Eu, porque já tomei muitos rumos
Sem chegar a lugar nenhum.
Ao herdar a Presidência, Temer – que nunca foi bom de voto – era desconhecido de boa parte dos brasileiros.
ELES
São muitos.
Milhares.
Caminham pelas ruas.
Não me conhecem.
Não os conheço.
É o pronome coletivo desconhecido.
Temer viveu momentos felizes no principal cargo da República. Dias antes da divulgação da conversa com Joesley Batista, o presidente comemorava a queda da inflação, os números de geração de empregos e outros sinais de recuperação da economia. “Estarei no segundo turno”, teria dito a interlocutores próximos em referência às eleições de 2018. Não parecia haver tragédia à vista.
ASSINTONIA
Falta-me tristeza.
Instrumento mobilizador
Dos meus escritos.
Não há tragédia
À vista.
Nem lembranças
De tragédias passadas.
Nem dores no presente.
Lamentavelmente
Tudo anda bem.
Por isso
Andam mal
Os meus escritos.
Mas eis que veio a público o grampo da JBS. E a mala com R$ 500 mil carregada por Rodrigo Rocha Loures, braço-direito de Temer.
AEROPORTO
Não disseram nada.
Apenas se cruzaram.
Vieram de longe.
Ou dali mesmo.
Mas iam para longe.
Carregando dois fardos.
Sua mala e sua vida.
Na tentativa de explicar o diálogo com Joesley Batista, o presidente classificou o empresário de “bandido notório de maior sucesso na história brasileira”. E disse que só o recebeu tarde da noite no Palácio do Jaburu porque desconhecia seu histórico de crimes. Uma justificativa ensaiada anos antes:
SABER
Eu não sabia.
Eu juro que não sabia!
Ciente ou não do que o sócio da JBS havia aprontado em sua vida pregressa, Temer vem sofrendo as consequências daquele encontro às escuras, sem registro na agenda. Há relatos de que anda abatido.
COMPREENSÃO TARDIA
Se eu soubesse que a vida era assim,
Não teria vindo ao mundo.
Em um de seus pronunciamentos, Temer ironizou os boatos sobre a suposta melancolia.
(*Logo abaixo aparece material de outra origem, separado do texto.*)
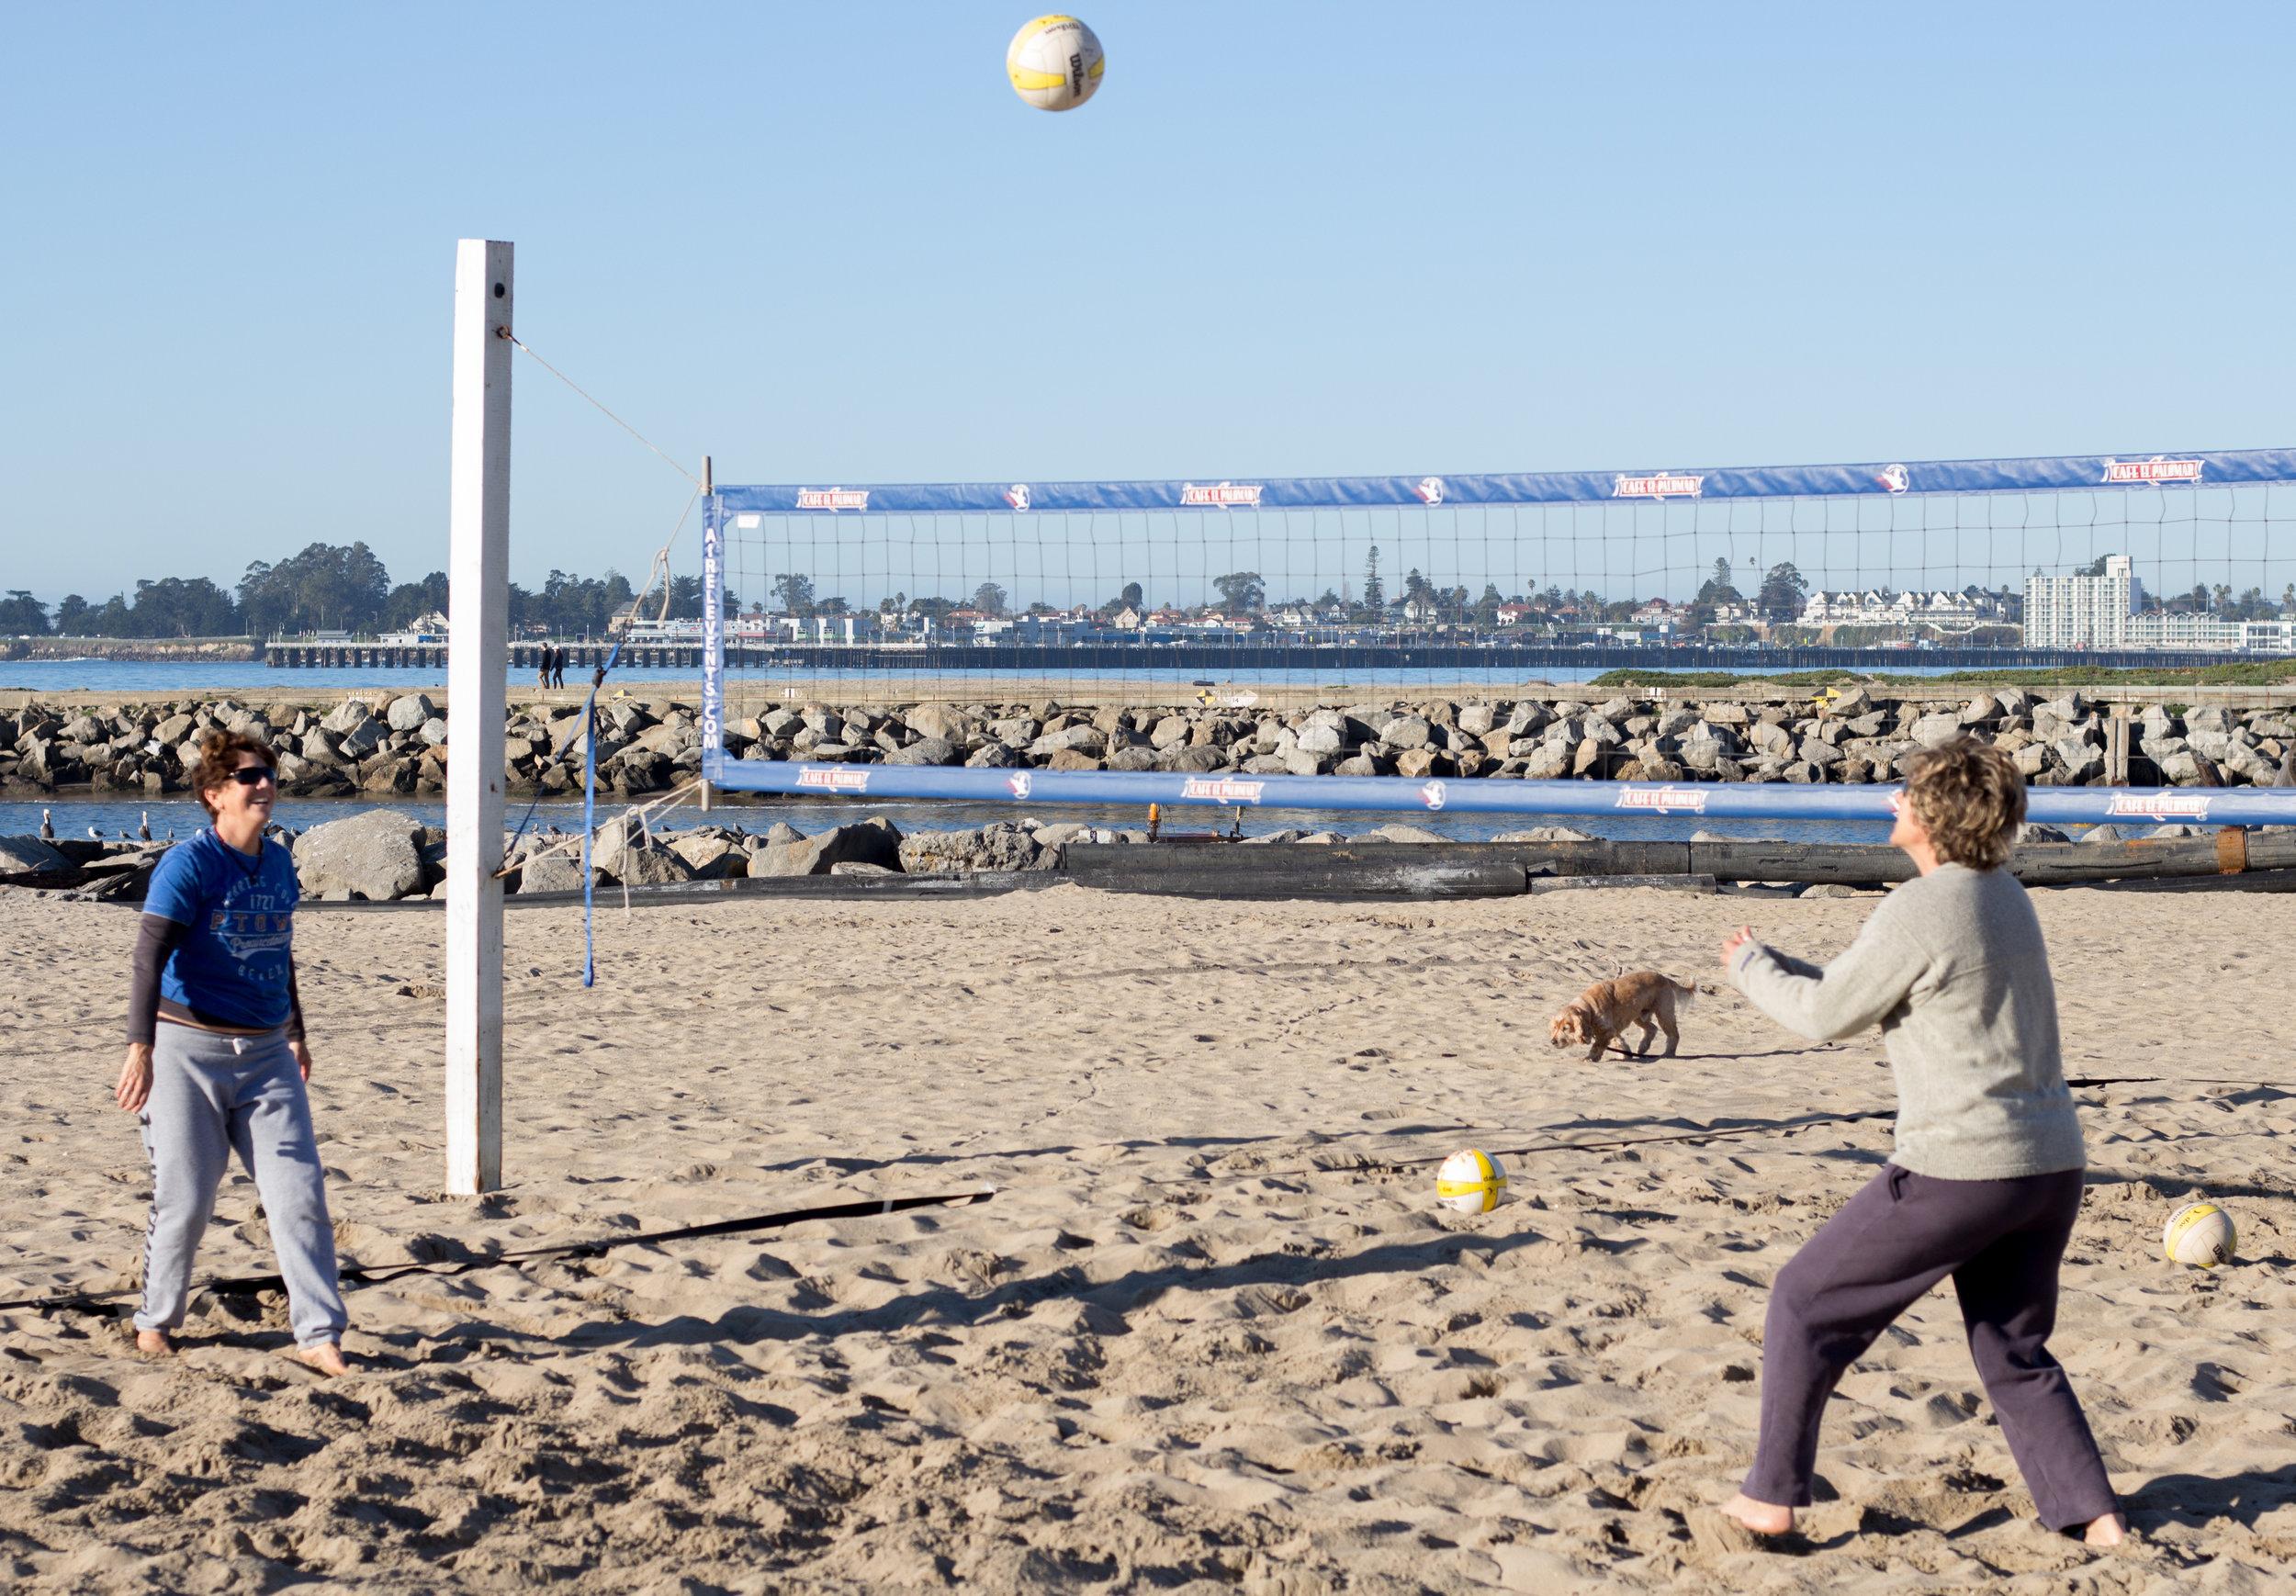 beach vball-11.jpg

Se está mesmo triste, provavelmente não vai admitir.
CONFISSÃO
Eis-me aqui
Tresloucado pela dor
De não poder revelar
Minha dor para ninguém.
Na última quarta-feira (13), o presidente soltou nota dizendo que Rodrigo Maia – seu eventual sucessor – tem demonstrado “lealdade institucional inatacável” e repudiando “as tentativas intrigantes de se criar uma falsa crise entre os Poderes Executivo e Legislativo”. Mas o fato é que estão ficando menos discretos os movimentos de Maia para ocupar a cadeira da presidência.
PROCURA II
Ando à procura
De mim.
Só encontro outros
Que, em mim,
Ocuparam o meu lugar.
Ainda que as notas oficiais busquem criar uma aparência de normalidade na relação entre Temer e Maia (como, aliás, ocorreu por um tempo na relação entre Dilma e Temer), o próprio presidente já escreveu que as linhas não valem; são uma máscara:
ENTRELINHAS
As linhas não valem.
Valem as entrelinhas.
São as que leio.
Quando escrevem.
Ou quando falam.
Nas linhas, a máscara.
Entre elas, a verdade.
Num momento de tantas dúvidas sobre a fidelidade de Rodrigo Maia, Temer deve estar se perguntando se é melhor estar só ou mal acompanhado.
PENSAMENTO
A solidão é a melhor companhia.
Nesta quinta-feira (12), o presidente conquistou uma vitória importante na Comissão de Constituição e Justiça (CCJ) da Câmara, que rejeitou a denúncia de corrupção passiva contra ele. Mas a questão ainda será apreciada pelo Plenário, e há outras denúncias a caminho, conforme já adiantou o procurador-geral da República. Muita gente duvida que Temer consiga terminar o mandato.
TRAJETÓRIA
Se eu pudesse,
Não continuaria.
Se os versos do presidente forem mesmo premonitórios, este poema traça um futuro pouco animador para ele.
EU
Deificado.
Demonizado.
Decuplicado.Desfigurado.
Desencantado.
Desanimado.Desconstruído
Derruído.
Destruído.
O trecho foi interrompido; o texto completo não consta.